The complementary filter is defined as follows,
acc_pitches[c] = lpf(acc_pitches[prev], pitch);
acc_rolls[c] = lpf(acc_rolls[prev], roll);
float dt = (float) (times[c] - times[prev])/1000;
float dx = sensor->gyrX()*dt * DEGTORAD;
float dy = sensor->gyrY()*dt * DEGTORAD;
gyr_pitches[c] = gyr_pitches[prev] + dy;
gyr_rolls[c] = gyr_rolls[prev] + dx;
gyr_yaw[c] = gyr_yaw[prev] + sensor->gyrZ()*dt * DEGTORAD;
comp_pitches[c] = (comp_pitches[prev] + dy)*(1-alpha) + alpha * acc_pitches[c];
comp_rolls[c] = (comp_rolls[prev] + dx)*(1-alpha) + alpha * acc_rolls[c];
Sample Data
Speed of Sampling
To improve the sampling speed, I removed all manual delays from the control loop, and every iteration checked whether the sensor data was ready, and if not I continued. During my testing I saw a sample rate of roughly a sample every 2.86 ms which is a rate of 372 samples per second. I created 7 float arrays that stored the filtered pitch, roll from the accelerometer, roll, pitch and yaw from gyro and roll, pitch for the complementary filter. I chose to use floats because the magnitude of the values is not very high, so float precision would suffice. I also had an unsigned int array for timestamps. With a length of 10000 each, it took about 320Kb of memory and can store ~26s of data.
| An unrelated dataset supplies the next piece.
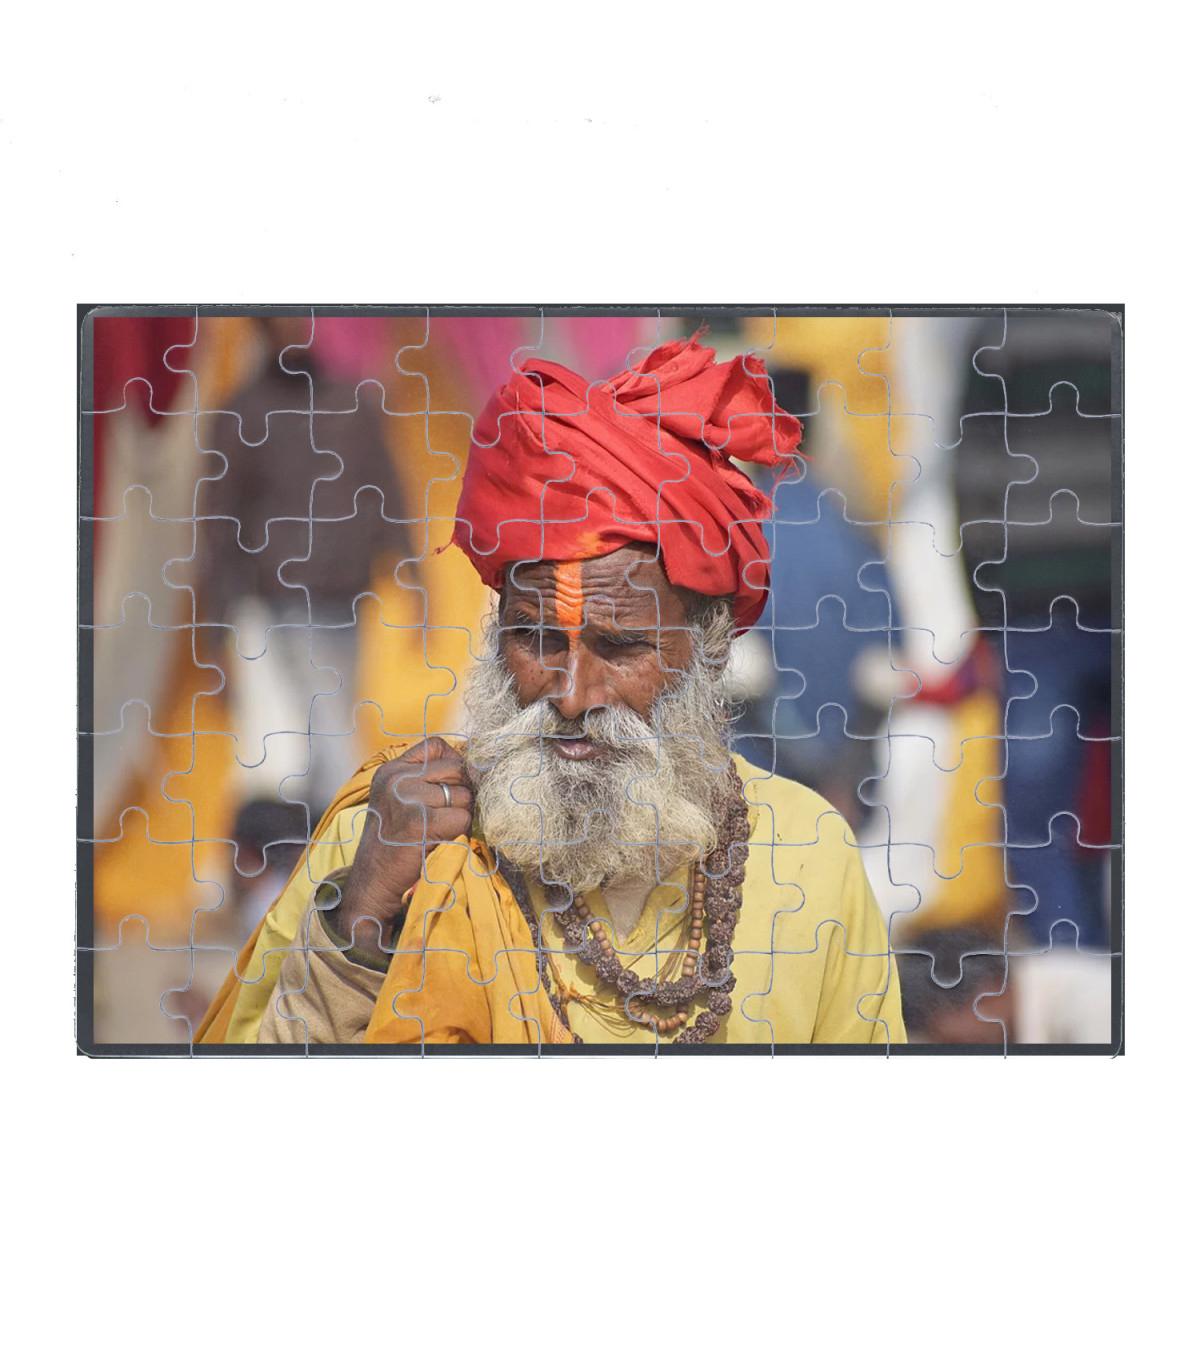 Puzzle Magnétique 13X18 Cms avec Puzzle Gratuit Facile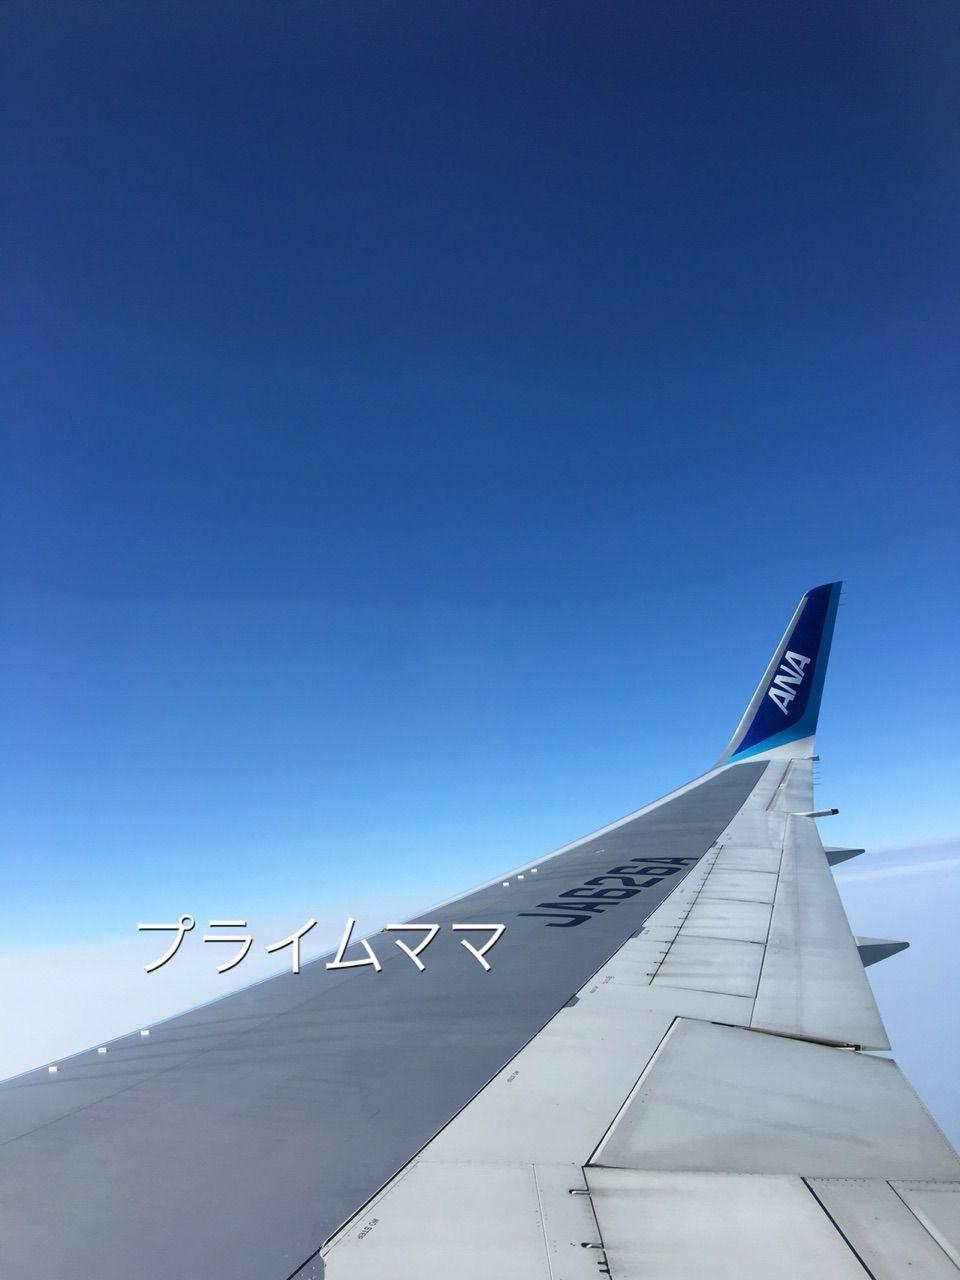 上海ディズニーランド旅行記 その1 飛行機〜上海タクシー : プライム

Sending 5s of data over BLE
I used the following code to do this,
void get_data(ICM_20948_I2C *sensor)
{
times[cnt % ARR_SIZE] = millis();
float roll = atan2(sensor->accX(), sensor->accZ());
float pitch = atan2(sensor->accY(), sensor->accZ());
if (cnt > 0){
int c = cnt % ARR_SIZE;
int prev = (cnt - 1) % ARR_SIZE;
acc_pitches[c] = lpf(acc_pitches[prev], pitch);
acc_rolls[c] = lpf(acc_rolls[prev], roll);
float dt = (float) (times[c] - times[prev])/1000;
float dx = sensor->gyrX()*dt * DEGTORAD;
float dy = sensor->gyrY()*dt * DEGTORAD;
gyr_pitches[c] = gyr_pitches[prev] + dy;
gyr_rolls[c] = gyr_rolls[prev] + dx;
gyr_yaw[c] = gyr_yaw[prev] + sensor->gyrZ()*dt * DEGTORAD;
pitches[c] = (pitches[prev] + dy)*(1-alpha) + alpha * acc_pitches[c];
rolls[c] = (rolls[prev] + dx)*(1-alpha) + alpha * acc_rolls[c];
}
else{
acc_pitches[cnt] = pitch;
acc_rolls[cnt] = roll;
}
}
void loop()
{
// BLE.advertise();
BLEDevice central = BLE.central();
// If a central is connected to the peripheral
if (central) {
Serial.print("Connected to: ");
Serial.println(central.address());
// While central is connected
while (central.connected()) {
if (myICM.dataReady()){
myICM.getAGMT();
// read sensor data
get_data(&myICM);
}
// Read data
read_data();
cnt++;
}
Serial.println("Disconnected");
}
}
Stunt
I found the motors had very high torque which allowed the robot flip if you change direction suddenly. The video below demonstrates this
Overall, I learnt a lot about how to combat a lot of the issues like noise and error compounding when using sensors in real life. It was cool to see how well simple exponential moving averages are at smoothing out a signal.